Data Engineering SQL Interview Questions (50 Hard Questions)

How to Use This Guide

These questions are harder than typical FAANG SQL rounds. They test the SQL skills that matter in data engineering: pipeline logic, data modelling, and production query patterns.

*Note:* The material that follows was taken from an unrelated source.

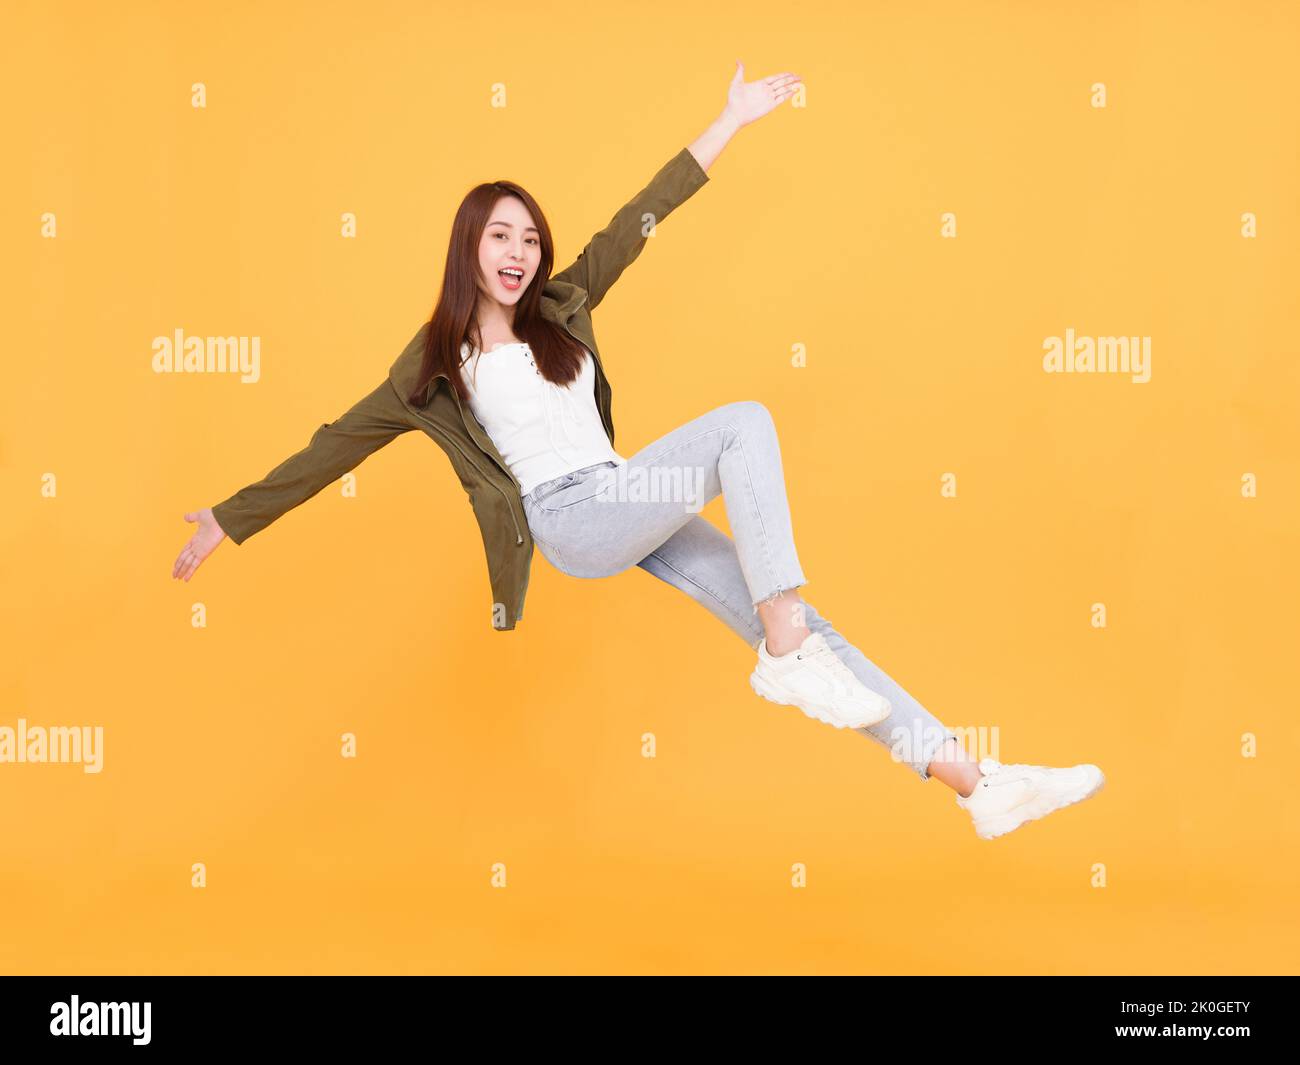 Felice giovane donna saltando e ballando isolato su sfondo giallo Foto Stock

Each has a complete SQL answer you can run and study.

Part 1: Window Functions (10 Questions)

Q1: Compute running total of revenue, reset each month

SQL

SELECT
    order_date,
    order_id,
    revenue,
    SUM(revenue) OVER (
        PARTITION BY DATE_TRUNC('month', order_date)
        ORDER BY order_date, order_id
        ROWS BETWEEN UNBOUNDED PRECEDING AND CURRENT ROW
    ) AS monthly_running_total
FROM orders
ORDER BY order_date, order_id;

Key point: ROWS BETWEEN UNBOUNDED PRECEDING AND CURRENT ROW is more deterministic than RANGE BETWEEN when you have ties in the ORDER BY. Always specify the frame explicitly.

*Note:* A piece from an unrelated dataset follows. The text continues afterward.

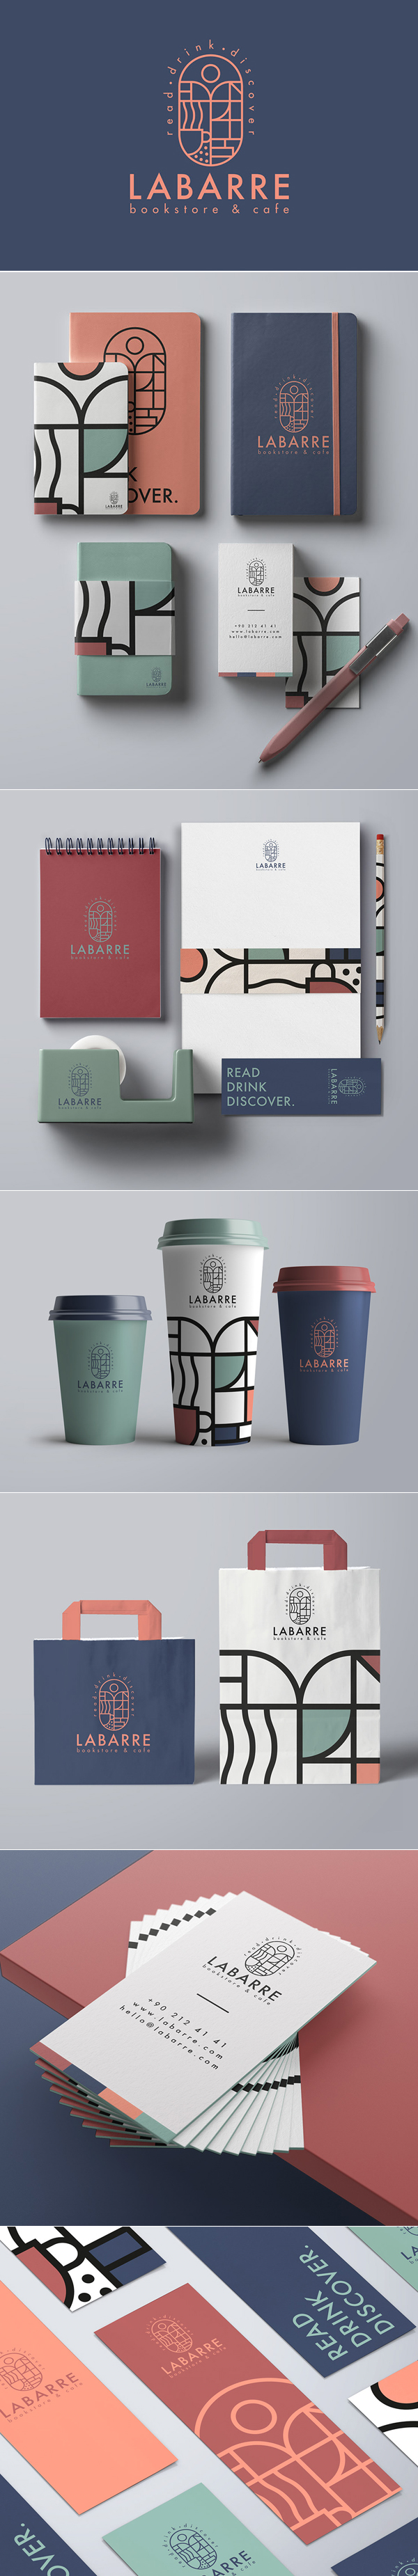 Marca: Labarre Bookstore & Cafe Diseño de marca por ONTO Design Studio

Q2: Rank customers by revenue within each region; show top 3 per region

SQL

WITH ranked AS (
    SELECT
        region,
        customer_id,
        SUM(revenue) AS total_revenue,
        RANK() OVER (
            PARTITION BY region
            ORDER BY SUM(revenue) DESC
        ) AS revenue_rank
    FROM orders
    GROUP BY region, customer_id
)
SELECT region, customer_id, total_revenue, revenue_rank
FROM ranked
WHERE revenue_rank <= 3
ORDER BY region, revenue_rank;

RANK vs DENSE_RANK vs ROW_NUMBER: RANK skips numbers after ties (1,1,3). DENSE_RANK does not (1,1,2). ROW_NUMBER assigns unique numbers regardless of ties — only use ROW_NUMBER when you want exactly N rows and ties don't matter.

Q3: Detect gaps in a sequence of event IDs

SQL

WITH numbered AS (
    SELECT
        event_id,
        LAG(event_id) OVER (ORDER BY event_id) AS prev_event_id
    FROM events
)
SELECT
    prev_event_id + 1  AS gap_start,
    event_id - 1       AS gap_end,
    event_id - prev_event_id - 1 AS gap_size
FROM numbered
WHERE event_id - prev_event_id > 1
ORDER BY gap_start;

Interview follow-up: "What if event_id isn't sequential but you want gaps in time?" Use LAG on a timestamp and look for DATEDIFF > expected_interval.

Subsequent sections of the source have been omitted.